The New York Times ran an article on August 17, 2021, entitled, "Saved by a Bucket." In her article, science writer Sabrina Imbler tells how Phil Pister, now ninety-three years old, personally saved the Owens pupfish from extinction. It's a pretty long story (and an inspiring one, though the story really isn't over quite yet), and the article is worth reading if you can slip by the New York Times' paywall.
I reference the story because of the last two paragraphs, and particularly the very last paragraph. I am quoting them both, below:
Every few days, Mr. Pister drives up to Fish Slough to check on his pupfish. Sometimes he brings lunch, a ham sandwich. He keeps a lookout for the other creatures that depend on the marsh, like raptors and Fish Slough springsnails — a native snail the size of a pinhead that is found nowhere else in the world. It has no lifeboat, no Phil Pister to ensure it will survive the next century. Some people wonder if such insignificant species are worth the trouble of saving; he does not.
“People used to say, ‘What good are they?’” he said. To which he would reply: “‘Well, what good are you?’ (emphasis added).”
In the world that humans create, the world in which we most immediately live, human beings are "good for everything." We are in charge. In the World of Nature (or the "World that God Created," if you happen to agree with Ross Douthat), we are one kind of living creature, among all the other forms of life, some of which are living inside our bodies, and make our own lives possible.

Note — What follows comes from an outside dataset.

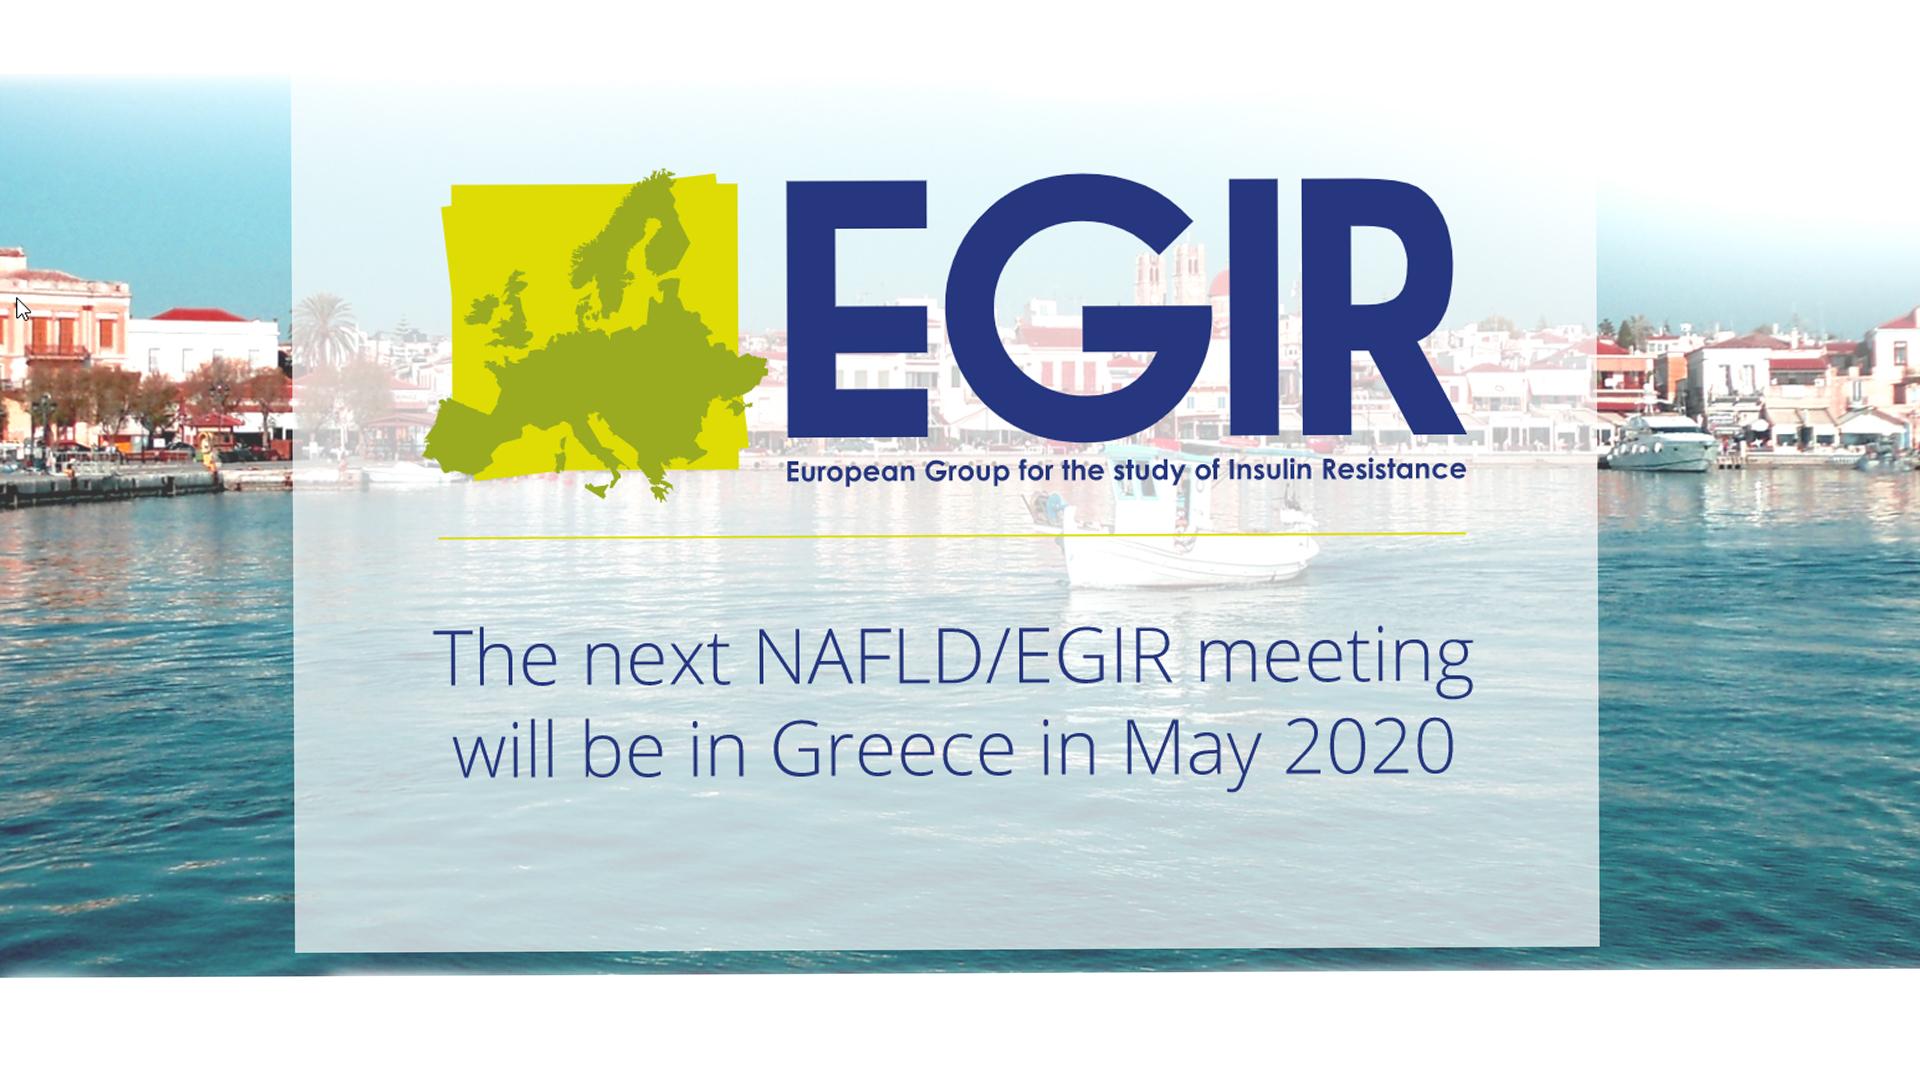 Joint Meeting of the EASD-NAFLD/EGIR Study groups
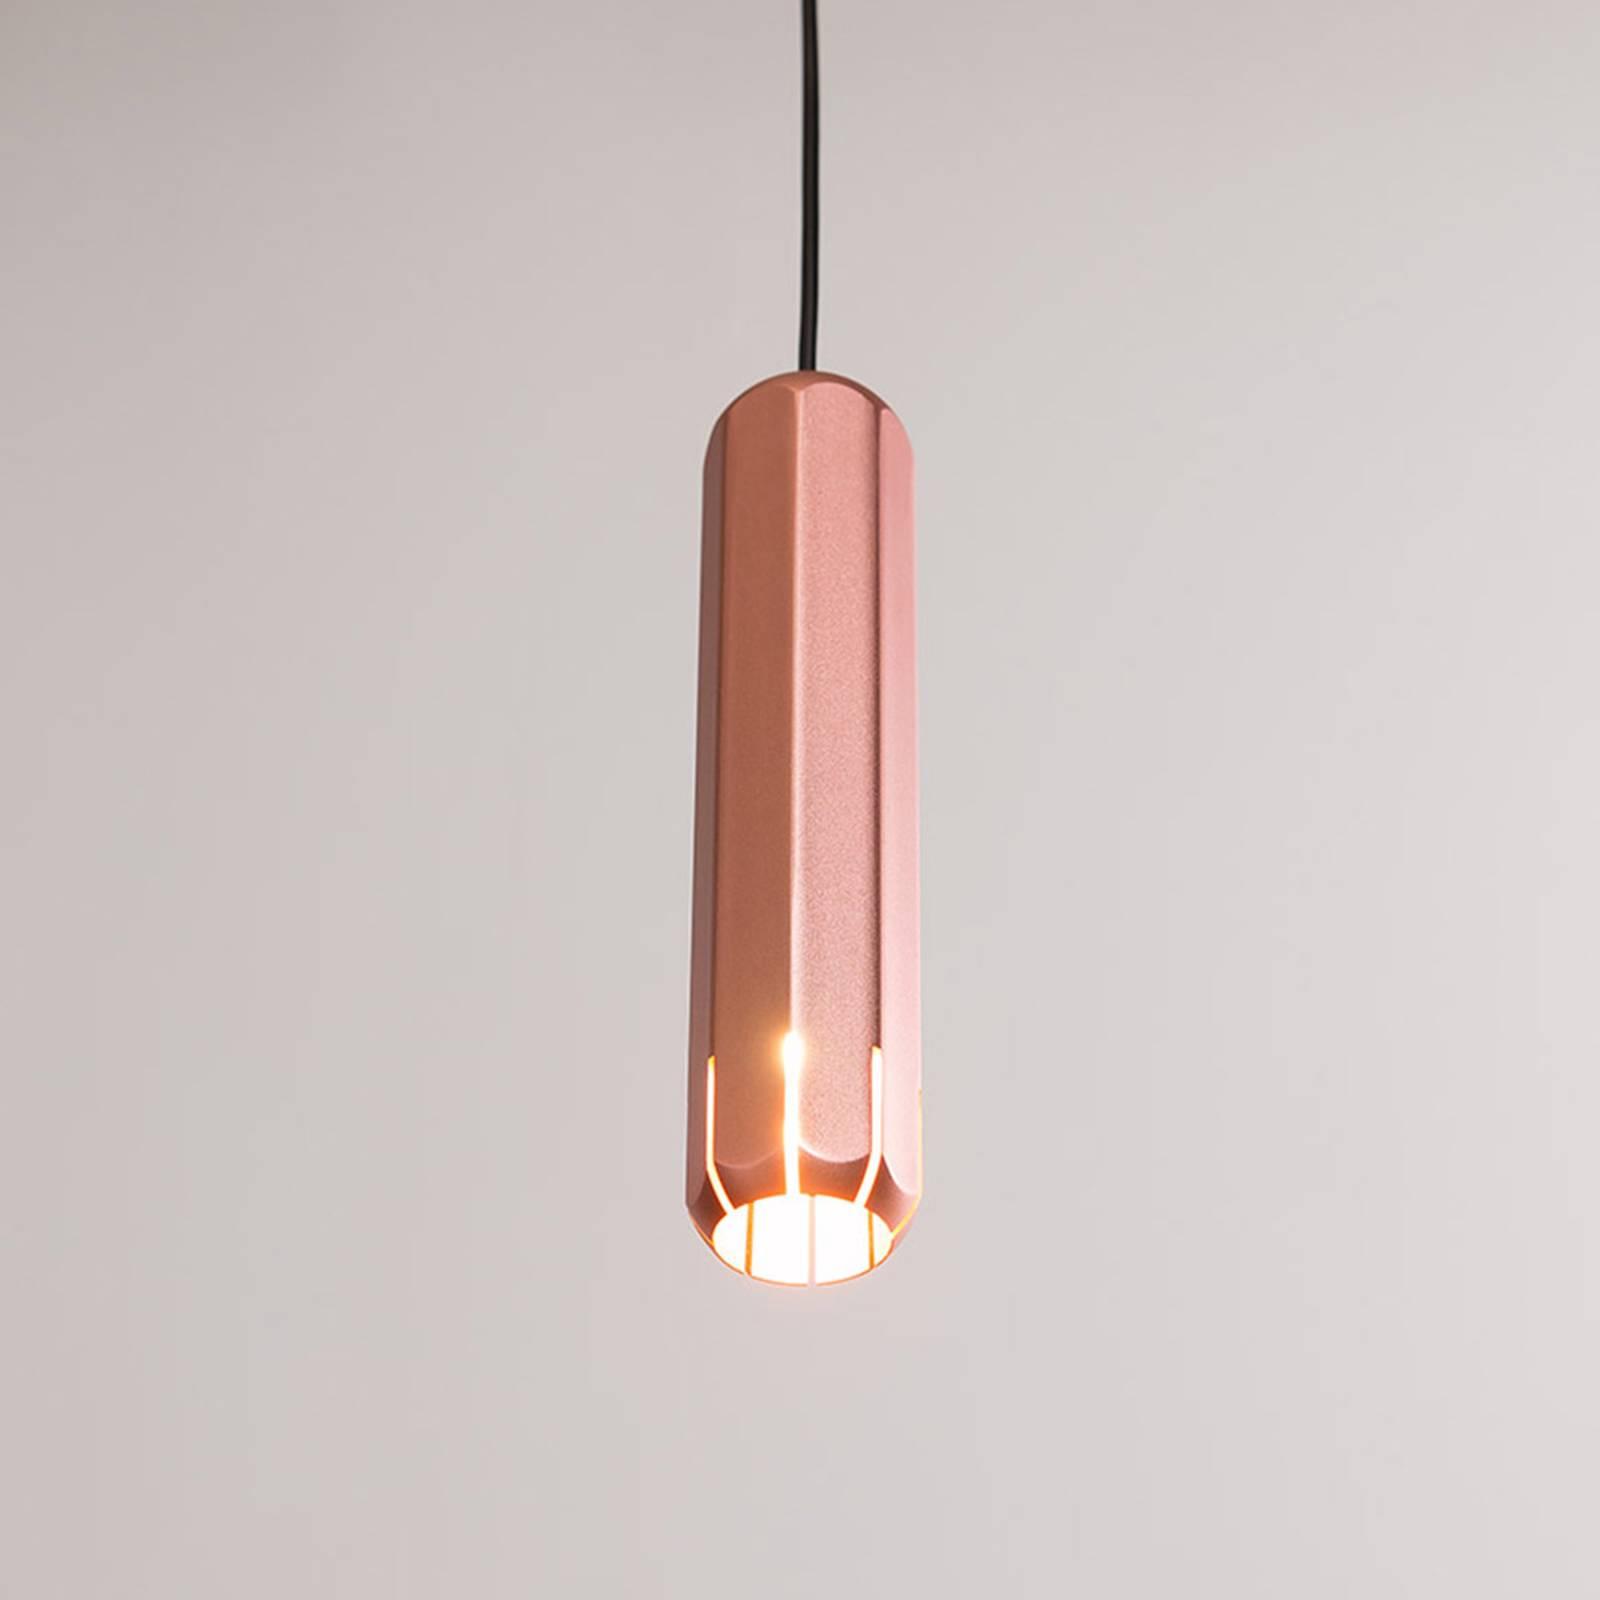 Innermost Brixton spot 20 LED hanglamp koper

Here is something to think about, if you can get your head around the idea that the relationship of human beings to Planet Earth is the same relationship that the Owens pupfish have to the limited waters that sustain them in the Owens Valley. If the analogy makes sense (I'm suggesting it does), then here is an important question: Who is going to play "Phil Pister" to our own imminent extinction?
It may just be that the "what good are you?" question has some real poignancy in that context!